Is there (or will there ever be) a way for us to accept dualism as part of the human condition, and yet at the same time transform it?  Is there a way to move from “either-or” to “both-and?”  The practical mystic Franciscan priest Richard Rohr says there is but his answer applies to individuals.  He tells me to accept the evil within myself but then to move beyond it by forgiving myself and focusing on my true self, the God within, the divinity which is a consequence of—a condition of—being “made in the image of God.”

It is hard to see how I could do that were I living in Syria today, but I can at least imagine myself being loving, even in that tormented environment. I cannot imagine myself behaving in a self-accepting way and loving others in the emotionally thin air of the hyper-rational world imagined and promised by the A.I. thinkers.

Franciscan “practical mystic” Richard Rohr writes that non-dual or non-polar thinking “teaches you how to hold creative tensions, how to live with paradox and contradictions, how not to run from mystery and . . .how to practice what all religions teach as necessary: compassion, mercy, living kindness, patience, forgiveness, and humility.” [Yes, And…Daily Meditations (Franciscan Media, 2013), 405.]

We live in a strong world in which we kill each other with a stone age brutality enhanced by a level of technology that helps us make that killing more efficient. Yet we have also reached a point where that same technology can explore and even mimic the behavior of our last frontier, the human brain.
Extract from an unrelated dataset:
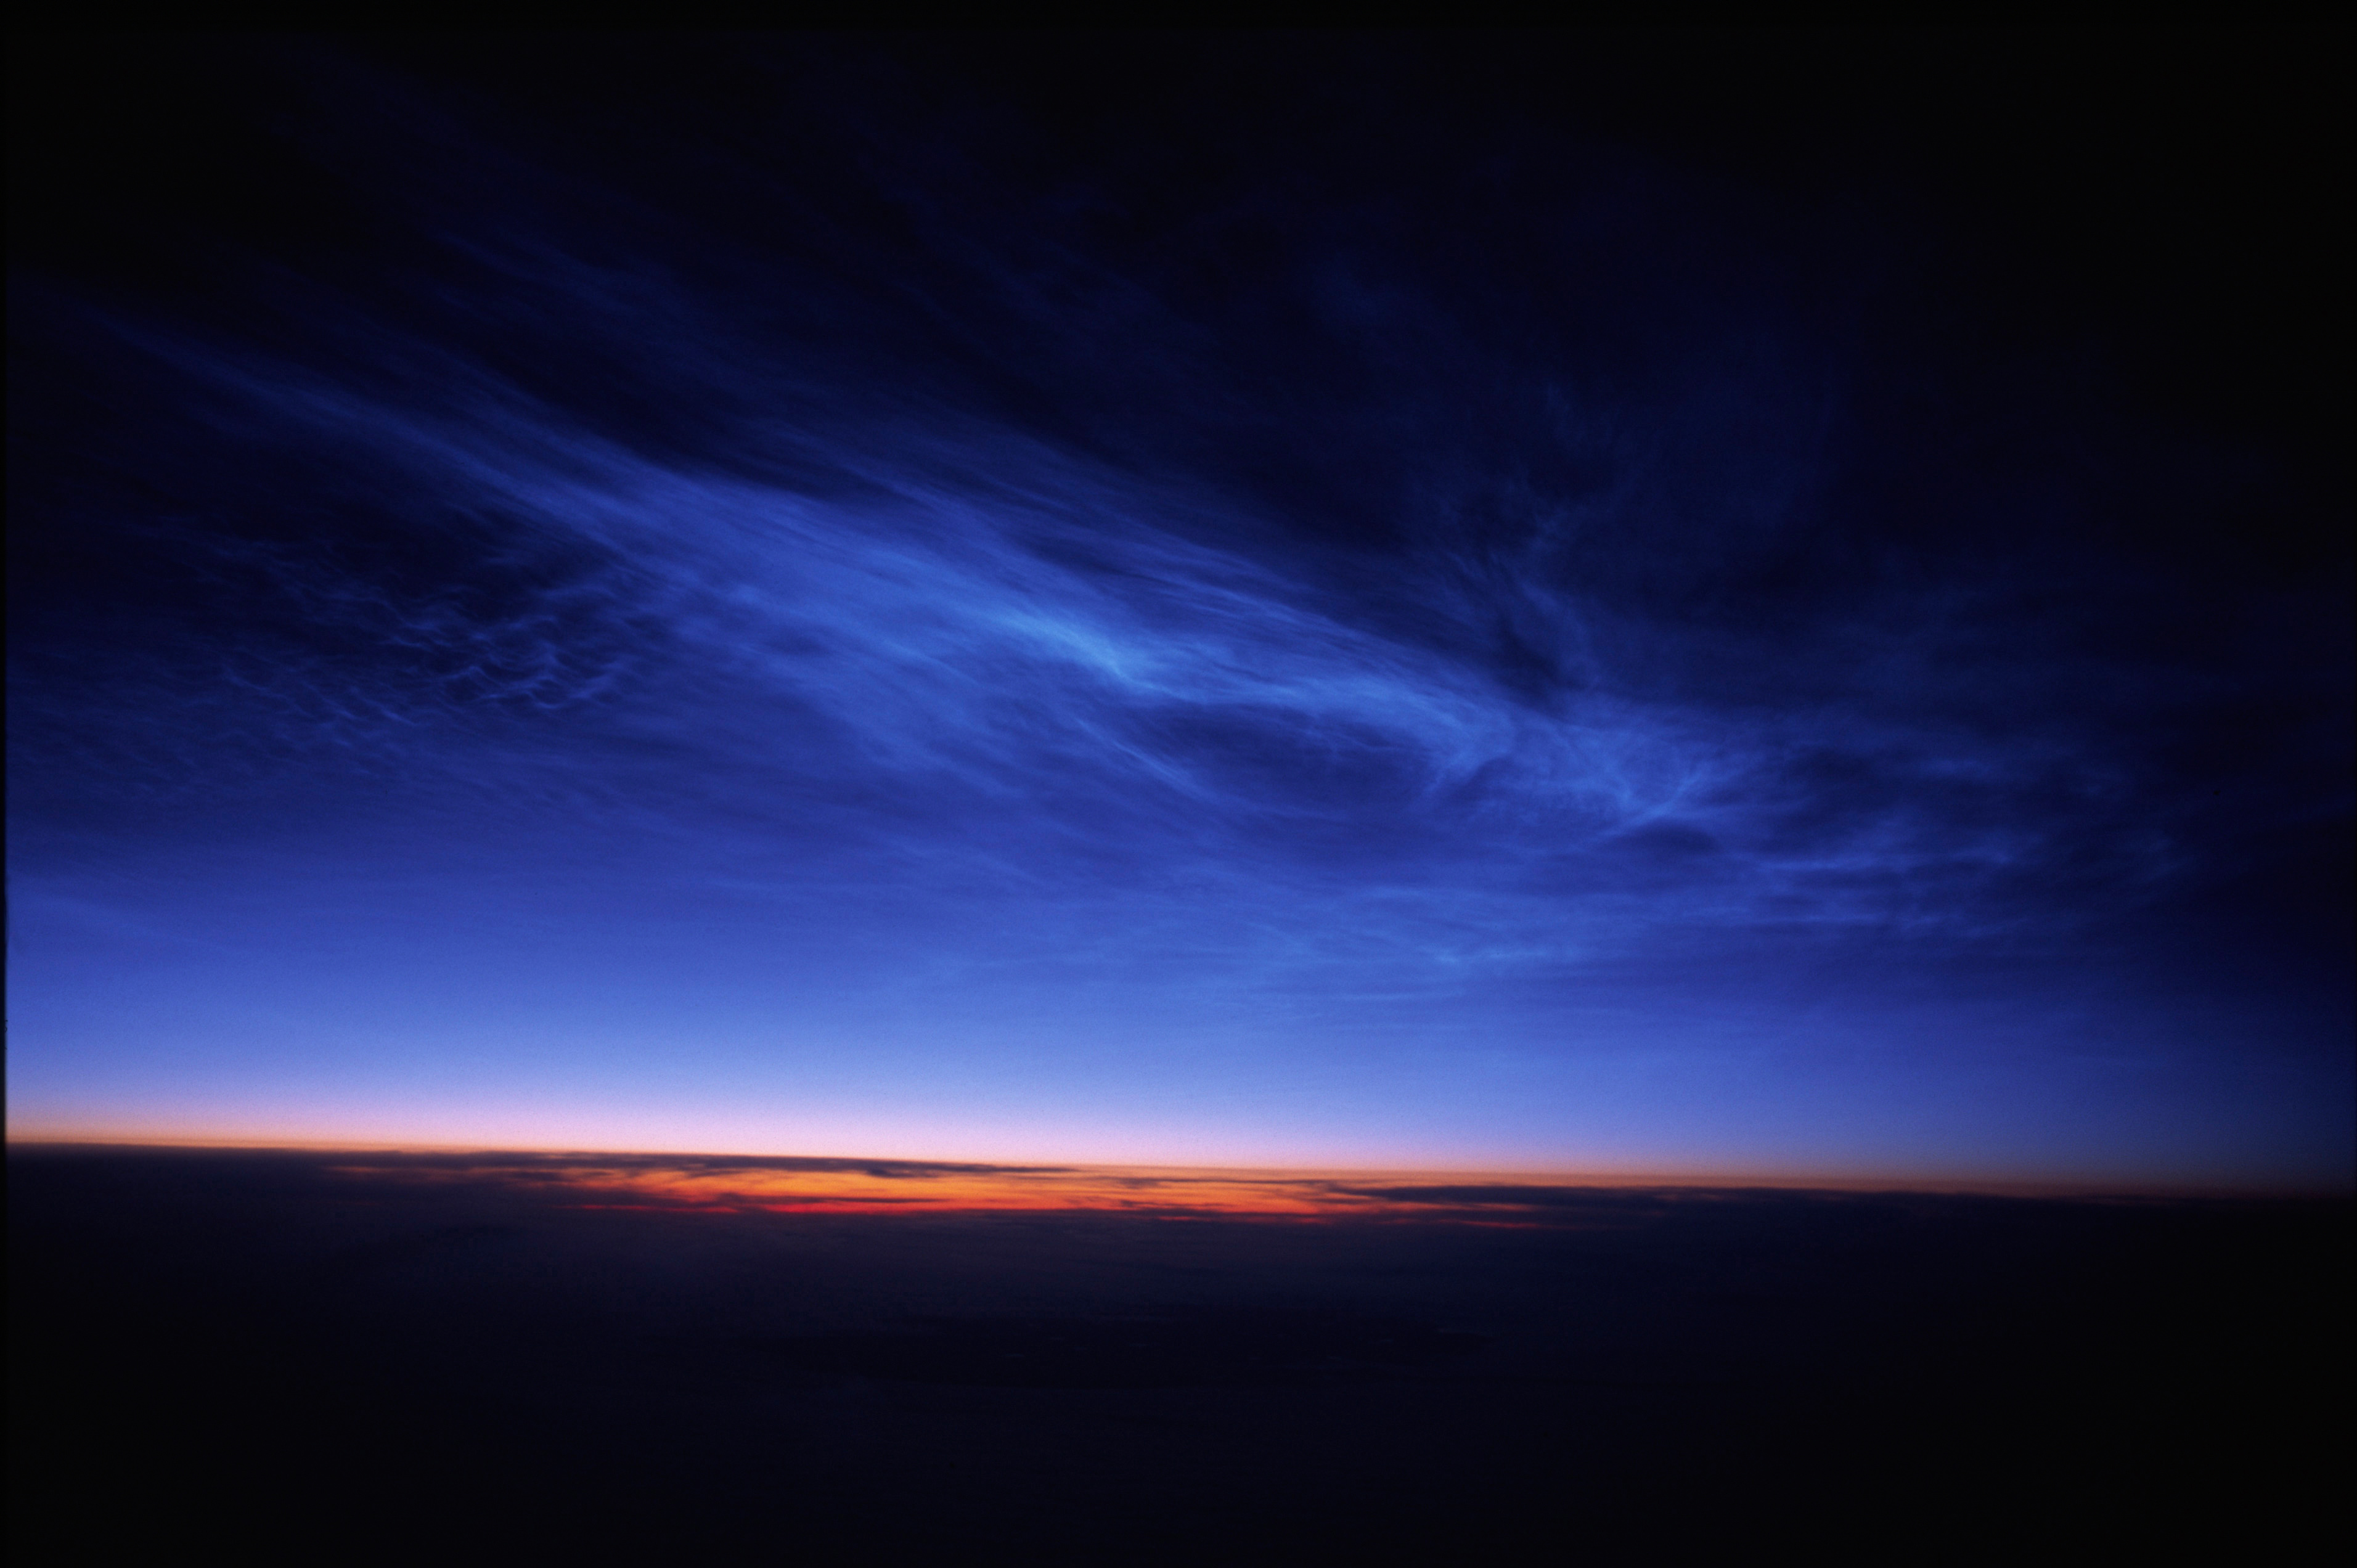 NASA - Noctilucent Clouds

  May God help us live with that “paradox and contradiction.”

And maybe we should continue that Time subscription for another year.

One reply on “Dualism: Syria and A.I.”

Well written, my friend, but I cannot shake the feeling that all talk of “Oneness” is but another instance of human beings whistling by the graveyard.

We INSIST on being so important that no divinity worth his or her salt could possibly ignore US!

We might just be drifters in a universe absolutely beyond comprehending, let alone becoming “one” with it.

As we get older we rather naturally hope that “now” isn’t all there is for us. But that hope does not change what is.